30 Popular Brands That Once Had Totally Different Names
See which brands went back to the drawing board.
Sometimes, your first choice is your best choice. And other times? Well, not so much. When you look at the original names of some iconic brands, it’s clear some rebranding was necessary. From the search portal formerly known as David’s and Jerry’s Guide to the World Wide Web to the origin story of Skype, read on to learn the hilarious original names of the brands we all know and love today.
We can all be glad we’re telling people that we “Googled” someone today, instead of talking about how we just “Backrubbed” Britney Spears to find out how old she is.
Back in 1996, when Larry Page and Sergey Brin were working on creating what we now know as Google, they initially called it Backrub—a nod to the way the search engine analyzed the web’s “back links” to determine how important a site was. A year later, though, they decided they needed to upgrade to a name that indicated just how much data they were indexing—and eventually, they came up with Google, a take on the number “googolplex,” which is the digit 1 followed by a googol zeroes (or 10100 zeroes).
The first 7-Eleven convenience store—or at least, a makeshift storefront on a dock—cropped up in 1927 in Dallas, Texas, by Southland Ice Company employee John Jefferson Green. However, by 1937, Southland Ice Company founder Joe C. Thompson Jr. had decided that he liked the idea enough to expand it nationwide—and when he did, he did it under the name Tote’m Stores. It wasn’t until 1946 that the store was rebranded as 7-Eleven, an indication of their new extended hours, 7 a.m. to 11 p.m., seven days a week.
Believe it or not, the photo-sharing app Instagram actually started out as Burbn. When creators Kevin Systrom and Mike Krieger first created their app, they foresaw it as being a combination of elements of Foursquare and of Mafia Wars. They named it after Systrom’s favorite drink: Kentucky whiskey.
However, after deciding the app was too cluttered, they went back to the drawing board and chose to only keep the photo-sharing aspect of it. Due to these changes, they rebranded as Instagram, a combination of “instant” and “telegram,” which Systrom thought “sounded camera-y,” according to Inc.
Brad’s Drink (Pepsi)
In 1893, Caleb Bradham developed a carbonated soft drink in his drugstore in New Bern, North Carolina, one that he simply called Brad’s Drink in honor of his surname. Five years later, Bradham rebranded to Pepsi-Cola, using the root of the word dyspepsia (meaning indigestion) because he believed his drink was a “healthy” soda that aided in digestion. Eventually, however, “cola” became the common noun for the carbonated soft drink—so these days, we’re just left calling it “Pepsi.”
Pete’s Super Submarines (Subway)
When Fred DeLuca saw that submarine sandwiches were all the rage in the 1960s, he came up with the idea to open his own submarine sandwich shop in Bridgeport, Connecticut.
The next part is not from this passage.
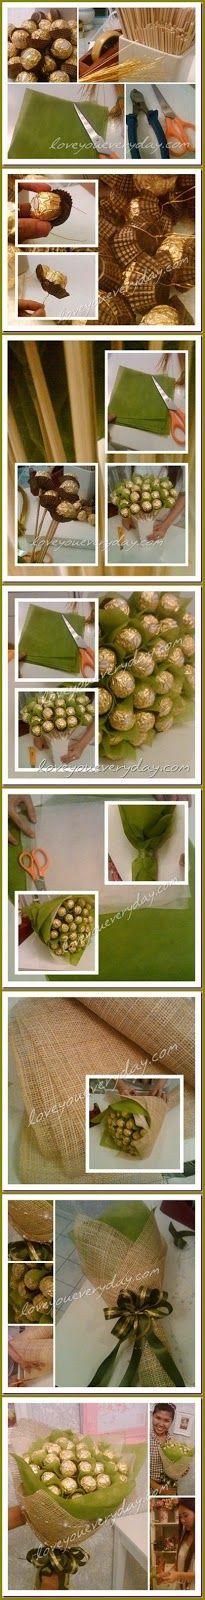 Campos de Trébol: Flores comestibles

With the financial assistance of family friend Dr. Peter Buck, he opened up his shop in 1965 and named it Pete’s Super Submarines in Buck’s honor. Apparently, DeLuca hoped to earn enough money in his brand-new sandwich business to pay his college tuition and eventually become a doctor, just like Buck.
Once the business expanded, he shortened the name to Pete’s Submarines—but when he was told that it sounded like “pizza marines” when broadcast over the radio, he shortened it even more to Pete’s Subway. By 1968, the name of the shop was down to just Subway—and the rest, as they say, is history.
Stag Party (Playboy)
Hugh Hefner founded the legendary men’s lifestyle and entertainment magazine Playboy in 1953. Thankfully, though, an almost-lawsuit saved him from going with his original (and infinitely worse) name: Stag Party.
“I wanted to call the magazine Stag Party, influenced by a cartoon book that I had. I was looking for a male figure of some kind and I thought, ‘An animal in tuxedo will set us apart,'” Hefner once revealed in an interview with CNN. A month before the magazine first published, however, he received a letter from the lawyer of Stag magazine, claiming it was an infringement on their title. Hefner came up with a quick solution: “I was already having second thoughts about the title. So, at the very last minute, I changed the name and changed the image and called it Playboy.”
Blue Ribbon Sports (Nike)
In 1964, University of Oregon track athlete Phil Knight and his coach, Bill Bowerman, founded Blue Ribbon Sports (BRS) in order to distribute running shoes made by the Japanese company Onitsuka Tiger. Two years later, they opened their first retail store in Santa Monica, California, and expanded to the East Coast a year after that.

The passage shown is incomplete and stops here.